Нужно было без промедления уравнять шансы, и я сказал:
— Свидетель, как известно, по закону не имеет права отказаться давать показания, но тут другой коленкор. Если я правильно понял, от официального лица прозвучала угроза перевести меня в разряд обвиняемых. Поэтому с этой минуты я отказываюсь произнести хоть слово без моего адвоката.
Цветные пятна на лице Хвана стремительно набирали яркость и даже, кажется, меняли оттенки. Я давно заметил, что, злясь, он становится особенно похож на разъяренного спрута. Головоухий моллюск с холодными прищуренными глазами.
— Прекратите кривляться, Максимов, — процедил он сквозь зубы. — Если я сказал «пока», это значит, что сейчас вы свидетель — и больше ничего. Поэтому извольте отвечать на вопросы.

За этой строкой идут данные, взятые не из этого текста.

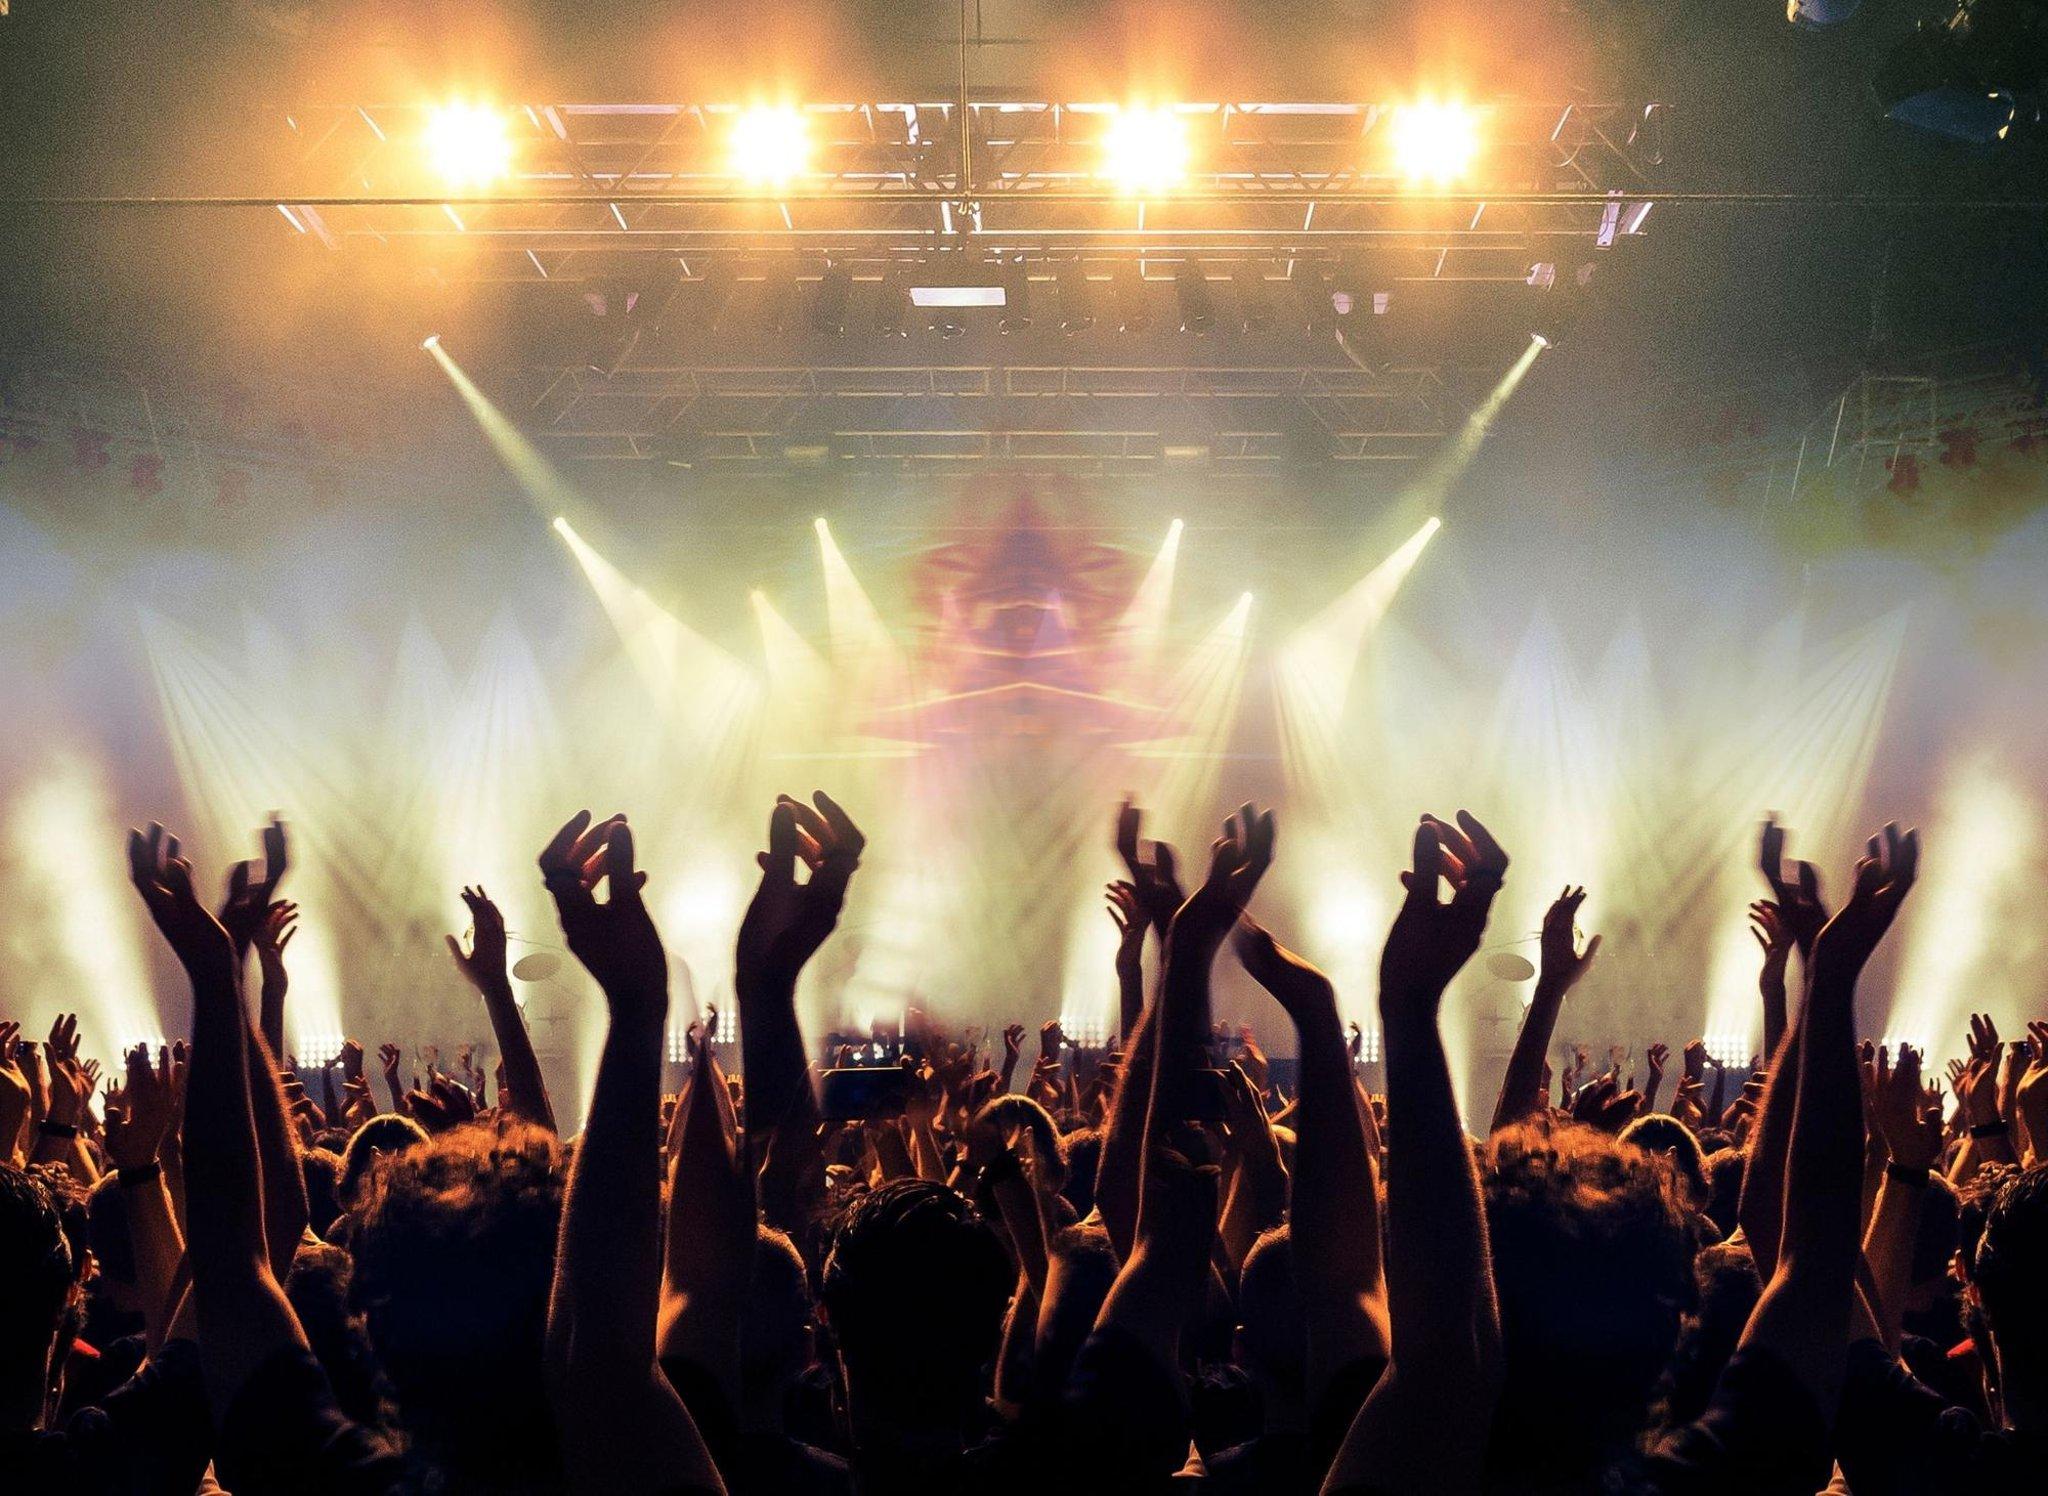 Berikut adalah 7 festival musik Eropa murah untuk tahun 2022 – termasuk Killers, Nick Cave, dan Kasabian dengan harga kurang dari £70

— Спрашивайте, — пожал я плечами.
— Еще раз: кто вам подкинул мысль написать эту статью?
— Никто.
— Тогда откуда к вам пришла сама идея, что за обычными дорожно-транспортными происшествиями могут стоять заказные убийства?
— Оттуда, — ответил я, не скрывая некоторого сарказма, — откуда к вам она почему-то не пришла: из головы. — Для наглядности я даже постучал костяшками пальцев по лбу.
— Так-так, — покивал Хван, одновременно пальцем отыскивая в газете какое-то место. Нашел и процитировал: — «Из собственных источников в криминальной среде нам стало известно, что смерть авторитета Ступенечкина по кличке Ступа была, вполне вероятно, выгодна другому бандитскому лидеру по кличке Барин». Это, скажете, тоже из головы?
— Нет, там же ясно написано: из источников в криминальной среде. Я, естественно, прежде чем писать, проводил собственную проверку.
Воспоминание о том, как проходила именно эта проверка, вызвало у меня короткий, как толчок сердца, но мучительный паморок — отголосок той кошмарной ночи.
— Из источников в криминальной среде, — повторил он. — Безымянных, разумеется?
Я подтвердил это решительным кивком.
— А отдаете ли вы себе отчет, кому в первую очередь нужна такая ваша публикация?
По его медовому тону было ясно, что он заманивает меня в какую-то ловушку, или, во всяком случае, ему так кажется. Я снова пожал плечами:
— Думаю, общественности. Потом редакции — для поднятия тиража. Вот, оказывается, и правоохранительным органам пригодилась...
— А кому она не просто нужна? — продолжал настаивать он. — Кому она необходима позарез?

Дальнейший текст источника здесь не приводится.